ヒマラヤの高峰に挑んだ登山家が、頂上直下で悪天候に遭遇した。着の身着のまま、岩陰でビバークを強いられた。
マイナス30度の寒さと烈風、酷薄な酸素を生き延びて、翌日なんとか仲間が待つキャンプへ。
たったひと晩で、彼の頭は白髪で真っ白になっていたという。
入浴介助が一段落した日の午後、その日の明け方に亡くなったOさん(80歳)の病室を訪ねた。ずっと付き添っていた奥さんが、ベッド脇で所在なさげに座っている。
声を掛けると、夫の横顔を見つめながら、ふとつぶやいた。
「人って…亡くなってからも歳を取るものなんですね…」
奥さんの言うとおり、Oさんは、生前とはまるで別人。
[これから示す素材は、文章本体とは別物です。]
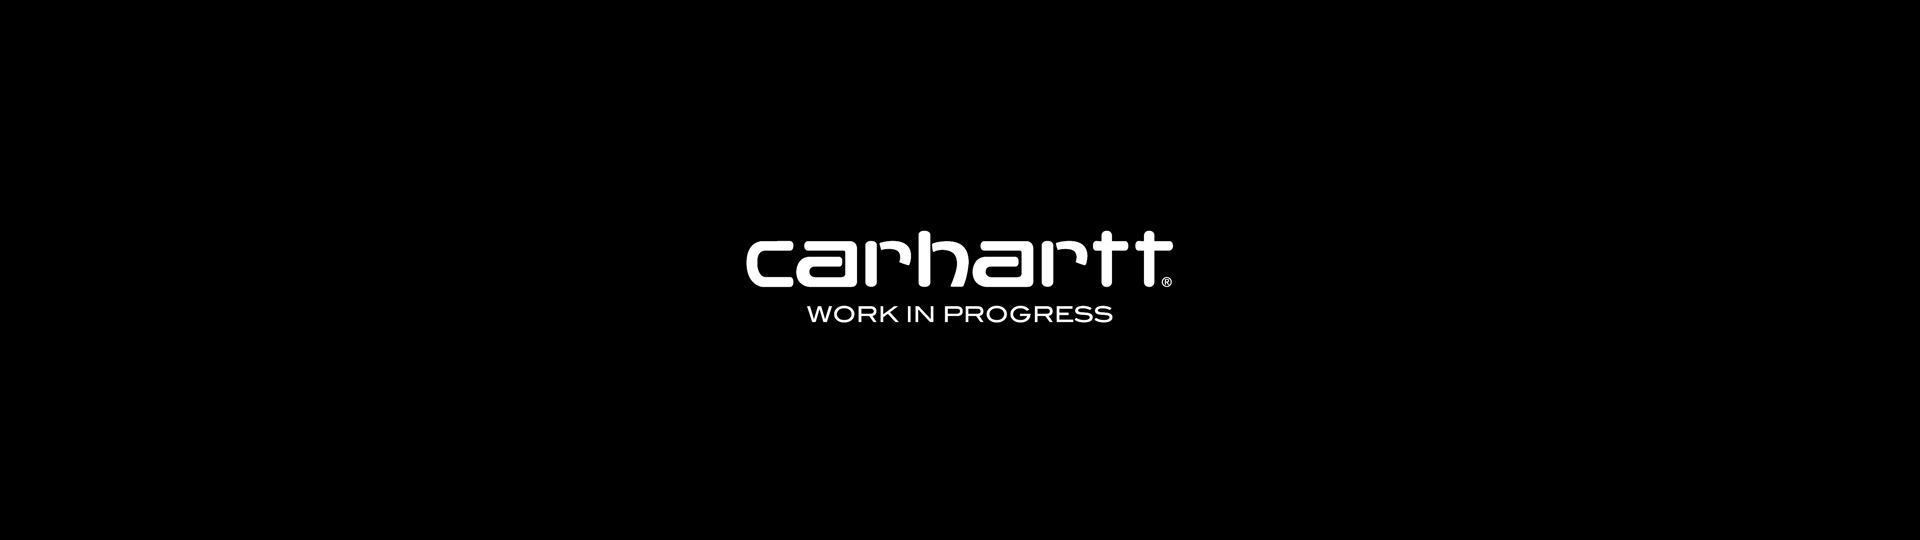 Carhartt-wide

年の割に黒々としていた頭髪が、ひと晩ですっかり白くなっていた。
遅めの冬休みを取った後で、一週間ぶりに出勤する。お昼になり、各病室にお茶を配って回った。
ノックしてオサナイさんの部屋に入ると、ツルツルに禿げた、見知らぬ男性の後頭部が目の前に。
「お、お茶ここに置いときますね。まだ熱いですから気をつけて」
緊張して言いながら、ベッド周りを見渡す。名札は、間違いなくオサナイさんだ。彼が好きなビートルズのCDも、変わらず散乱している。
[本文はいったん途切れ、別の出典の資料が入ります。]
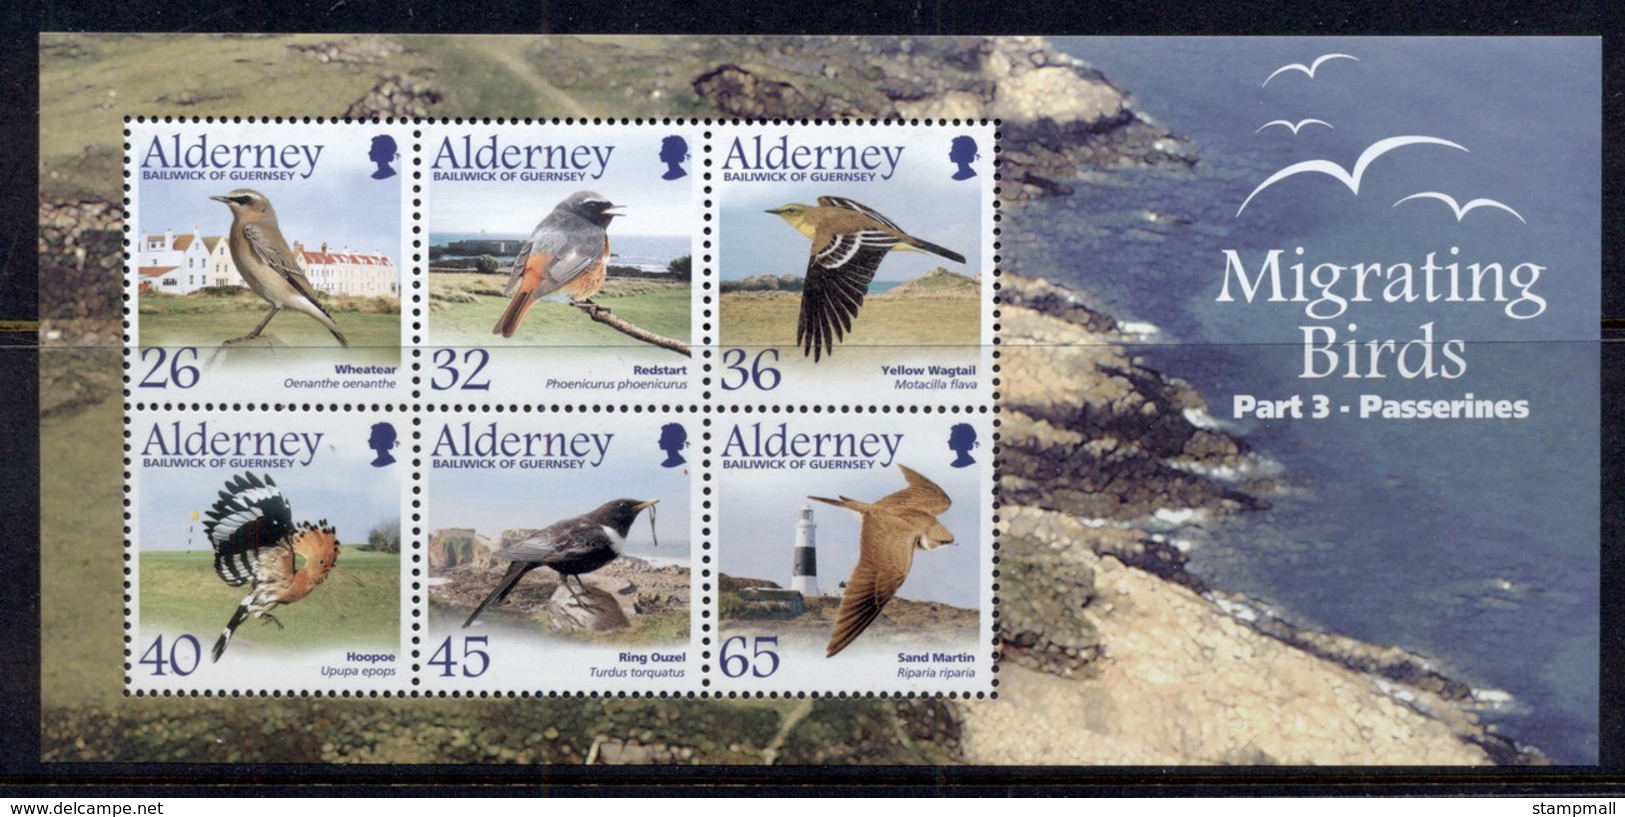 Alderney 2004 Migratory Birds MS MUH - Alderney

この病棟では、患者さんの病状が急変することがままある。でもたった一週間で、「サザエさん」のマスオさんが波平さんに変身!なんてことある?
同姓同名の別人?
まさか…
ナースステーションに戻ると、ちょうど担当看護師のフジタさんがいた。
「フジタさん、504号室のオサナイさんって、あんな人でしたっけ?」
すると彼女、黙って、頭をカパッと外して横に置くしぐさをした。
目がニコニコ笑っている。
「オサナイさん、最近お疲れ気味で…身なりに構ってる余裕ないんです」
その数日後に、病棟恒例の正月行事。お雑煮とお汁粉をワゴンに乗せて、スタッフ全員で病室を回った。お次は、504号室。
「はいオサナイさん、みんなで写真撮るから、これかぶりましょう!」
「あれ?前後が逆だったか!」
カメラのファインダーをのぞくと、若い看護師さんにいじられながら、まんざらでもない表情のオサナイさんがいた。
いつものマスオさんに戻って、真ん中に納まった。